Your task >> Only the lines below from the one that holds "Bambini che giocano" through the one that holds "Mapa del Campamento" should appear in the answer, copied exactly, end lines included and pictures omitted.

Given data >>
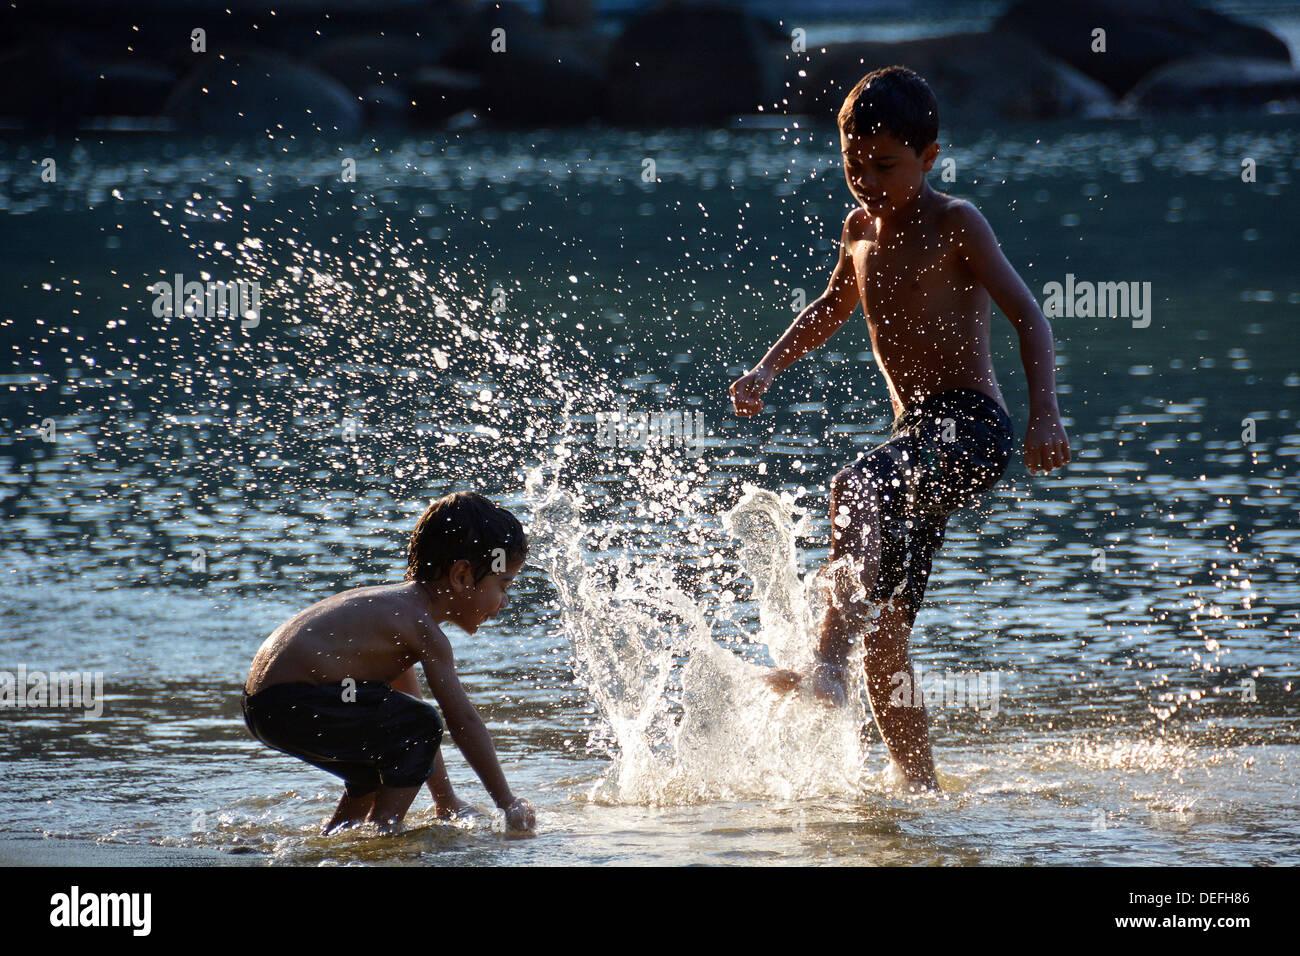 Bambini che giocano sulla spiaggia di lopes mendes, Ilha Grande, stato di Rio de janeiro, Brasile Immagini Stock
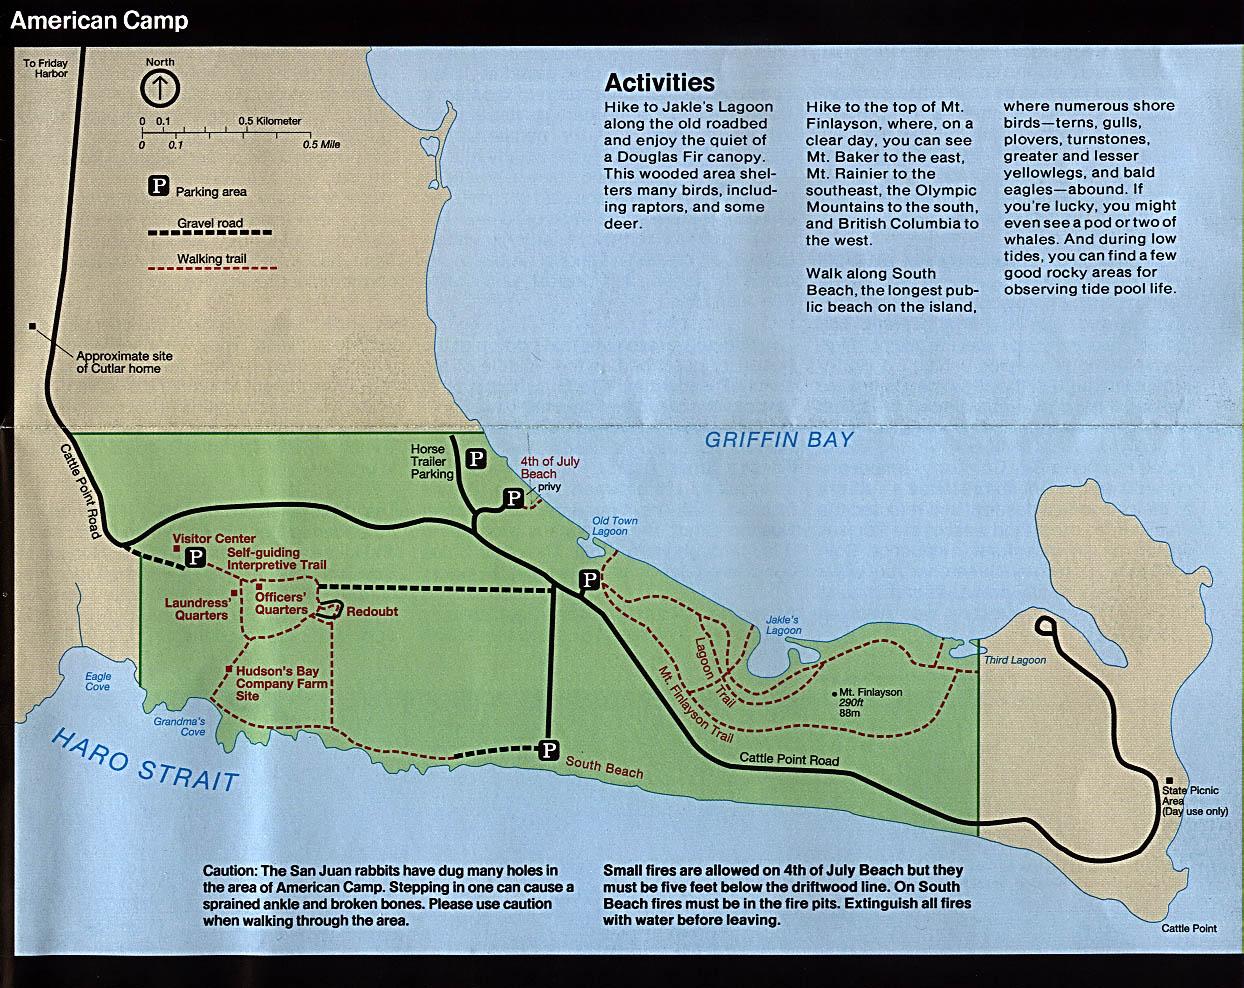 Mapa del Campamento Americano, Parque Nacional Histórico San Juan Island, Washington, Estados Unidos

---

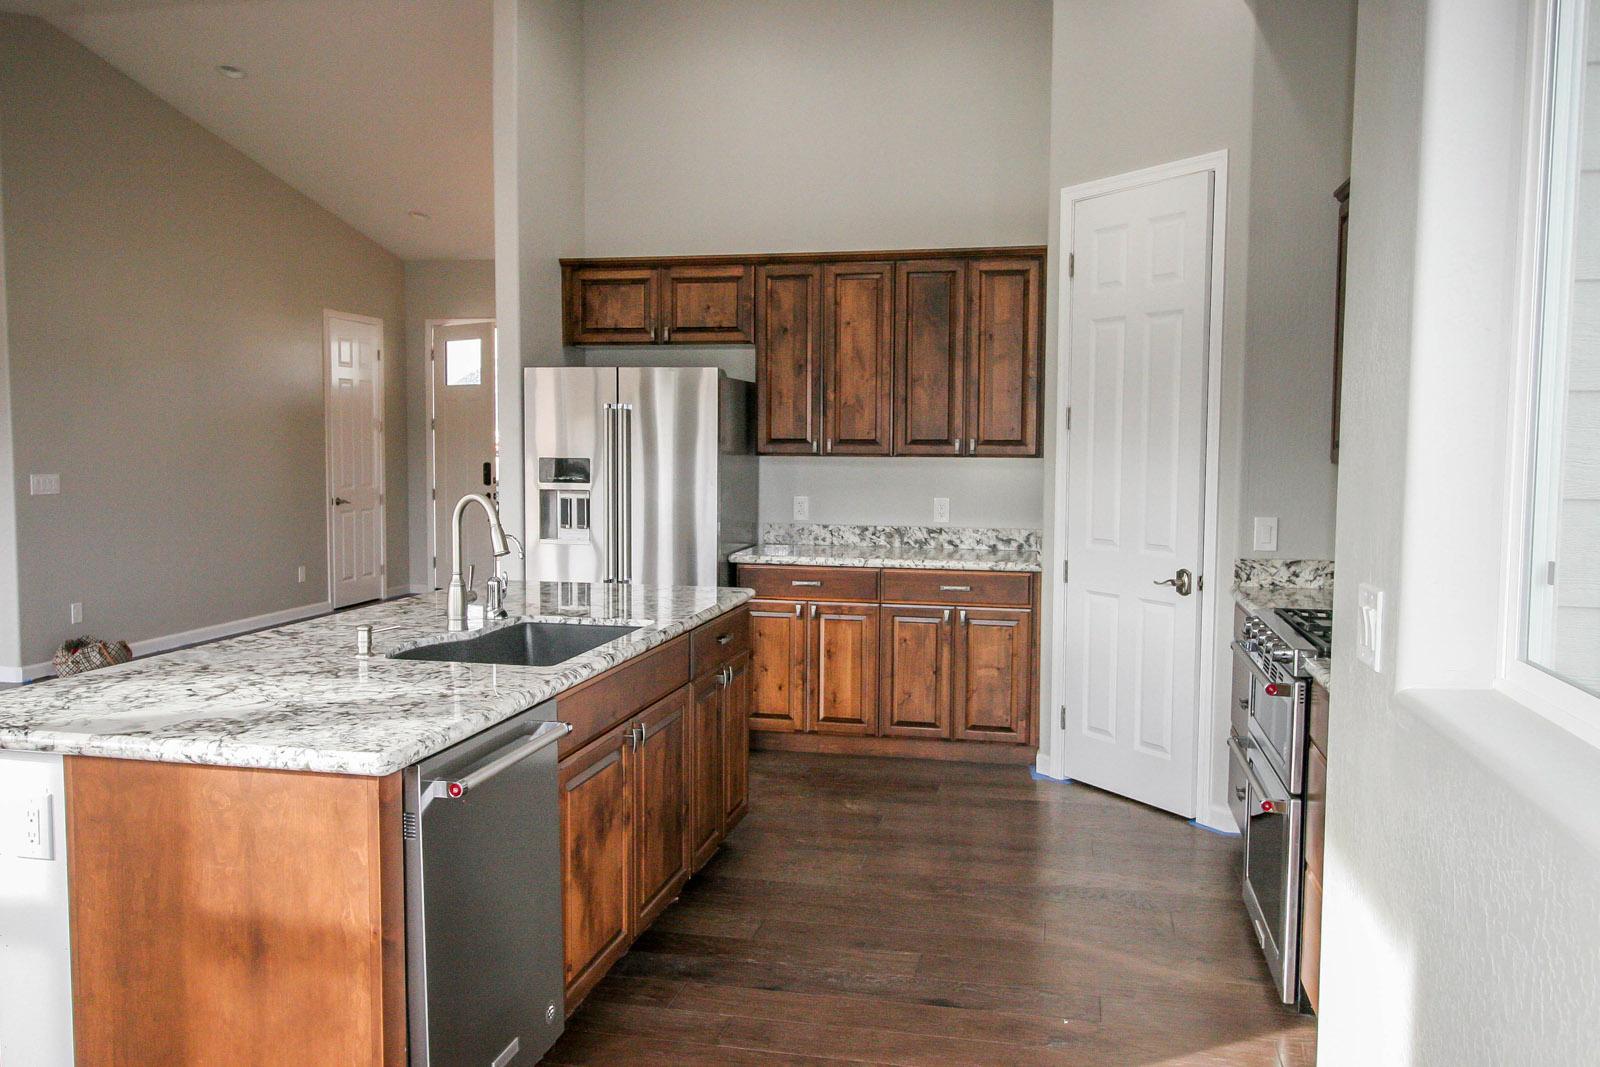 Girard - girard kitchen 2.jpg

Response box >>
 Bambini che giocano sulla spiaggia di lopes mendes, Ilha Grande, stato di Rio de janeiro, Brasile Immagini Stock
 Mapa del Campamento Americano, Parque Nacional Histórico San Juan Island, Washington, Estados Unidos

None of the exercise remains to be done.